Die Frage an die zuständige Bundesrätin in der Anhörung zum Geschäftsbericht lautete, wie der Bundesrat die bei den Kantonen und weiteren Akteuren aktuell sehr hohe Motivation weitertragen könne und ob diese Akteure gut eingebunden würden. Bundesrätin Elisabeth Baume-Schneider betonte in ihren Ausführungen die massgebliche Rolle der Motivation und Einbindung aller Akteure bei Digisanté für den Erfolg dieses wichtigen Projekts. Sie machte deutlich, dass trotz der im Schweizer Gesundheitswesen vorhandenen Programme die Digitalisierung noch bedeutende Lücken aufweise und die Herausforderung darin bestehe, diese Programme zu koordinieren und eine einheitliche technische Sprache zu etablieren, um den Informationsaustausch zu verbessern und Effizienzprobleme zu überwinden. Angesichts dieser grossen Herausforderungen habe der Bundesrat das Digisanté-Programm und die Weiterentwicklung der elektronischen Patientenakte als entscheidende Schritte zur Bewältigung dieser Probleme identifiziert. Auch hob die Frau Bundesrätin die Notwendigkeit hervor, dass alle beteiligten Parteien, insbesondere die Kantone und andere relevante Partner, eng zusammenarbeiten, um sicherzustellen, dass die Motivation und die Beteiligung aufrechterhalten werden können. Sie betonte schlussendlich, dass die enge Zusammenarbeit und das Vertrauen zwischen Bund, Kantonen und anderen[NB]Akteuren[NB]entscheidend[NB]sei, um die Herausforderungen der Digitalisierung im Gesundheitswesen erfolgreich zu bewältigen.

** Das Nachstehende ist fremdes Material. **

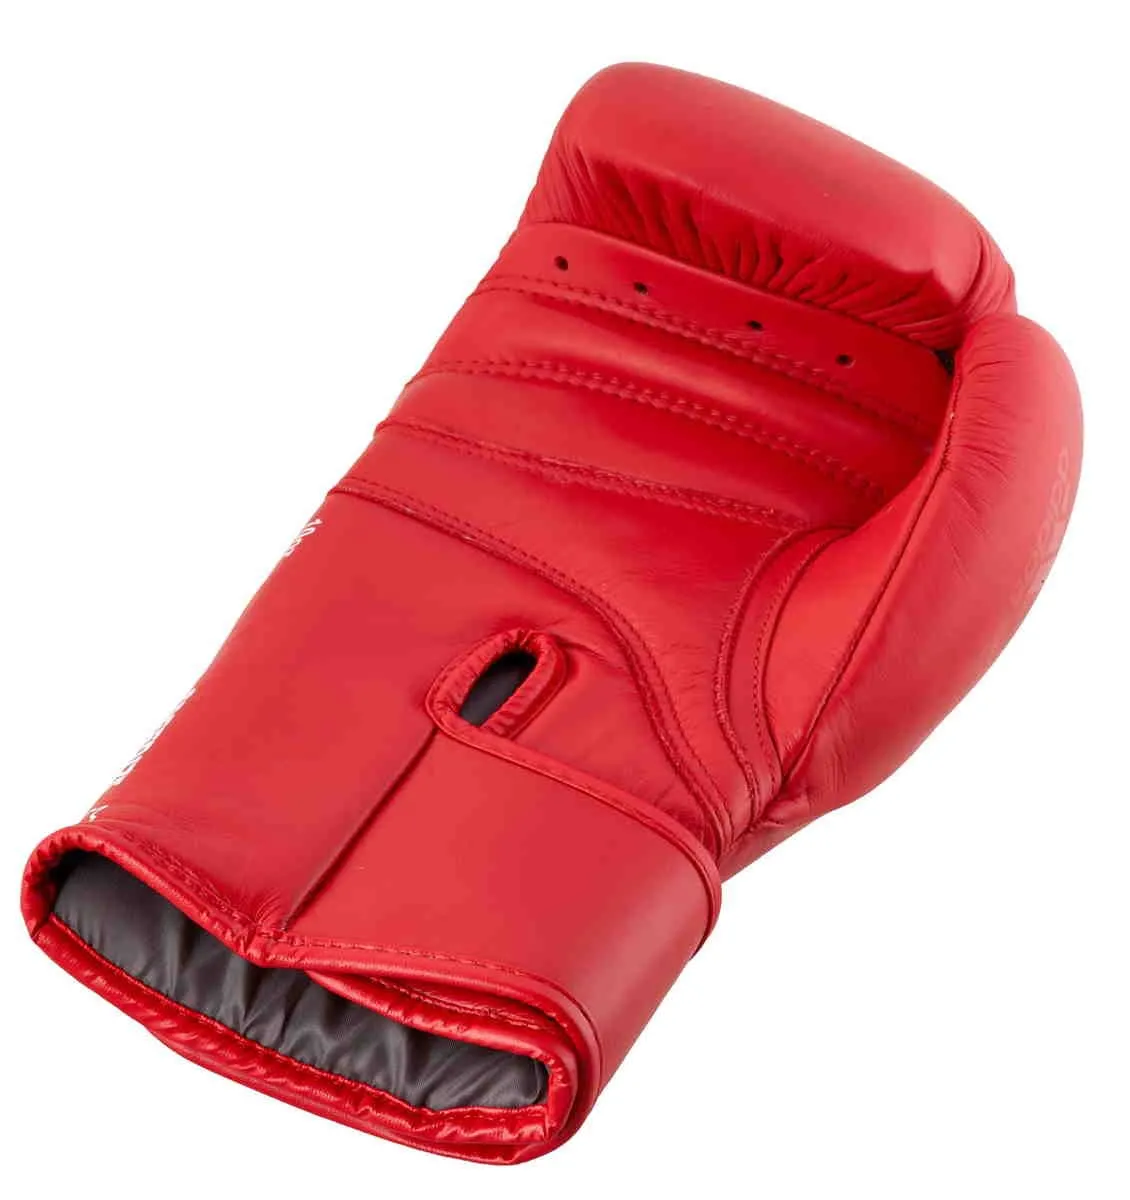 Gants de boxe adidas Speed 175 cuir rouge

Ich komme zum zweiten Bericht der Subkommission EDI/UVEK. Darin geht es um die Frage der Zielkonflikte im UVEK. Die Frage nach dem Umgang mit Zielkonflikten im UVEK ist von grosser Bedeutung für die Entwicklung einer nachhaltigen nationalen Infrastruktur und Raumplanung in der Schweiz. Angesichts der Gegebenheiten unseres Landes, der grossen, reichhaltigen Infrastruktur, der begrenzten Flächen und auch der hohen Ansprüche an den Natur- und Landschaftsschutz ist es wichtig, dass wir diese Zielkonflikte effektiv adressieren. Die Subkommission betrachtet den Umgang mit Zielkonflikten als zentrales Thema, da er direkte Auswirkungen auf die langfristige Entwicklung und den nachhaltigen Umgang mit unseren Ressourcen hat. Dabei ist es von besonderer Bedeutung, dass die verschiedenen Interessen und Anliegen aller beteiligten Akteure angemessen berücksichtigt werden.

In diesem Zusammenhang betonte Bundesrat Albert Rösti, der Vorsteher des UVEK, auch aus seiner Sicht die Relevanz dieser Zielkonflikte und versicherte, dass ihnen in seinem Departement angemessene Aufmerksamkeit geschenkt werde. Er sagte, dass in einem Land mit umfangreicher Infrastruktur, begrenzten Flächen und hohen Naturschutzansprüchen zwangsläufig Grenzen erreicht würden. Trotz dieser Herausforderungen hält er es für richtig, dass das Departement sowohl die Aspekte der Nutzung als auch die Aspekte des Schutzes unter einem Dach vereine. Diese Zusammenführung ermögliche es beispielsweise, Schutzbelange bei jedem Infrastrukturprojekt bereits intern zu berücksichtigen.

Auf Ebene des Departementes sei es letztendlich erforderlich, eine Abwägung zwischen Nutzen und Schutz zu machen, und dabei spielten die massgeblichen Beschlüsse des Parlamentes, die nun umgesetzt werden müssten, eine entscheidende Rolle. Er nannte als Beispiel das neue Raumplanungsgesetz, das weiterhin eine klare Trennung zwischen Siedlungsgebiet und Nichtbaugebiet vorsieht und gleichzeitig den spezifischen Anforderungen aus den Bereichen Landwirtschaft und Tourismus gerecht wird. Auch das[NB]Stromgesetz[NB]sei[NB]ein[NB]weiteres herausragendes Beispiel für [PAGE 481] einen solchen Kompromiss zwischen Nutzungs- und Schutzaspekten.

Weiter betonte Bundesrat Rösti, dass es ihm wichtig sei, vor Entscheidungen alle Meinungen anzuhören. Einer seiner wichtigsten Führungsgrundsätze bestehe darin, Differenzen zwischen Schutz und Nutzen transparent zu machen. Letztendlich liege die Entscheidbefugnis natürlich beim Departement oder beim Bundesrat.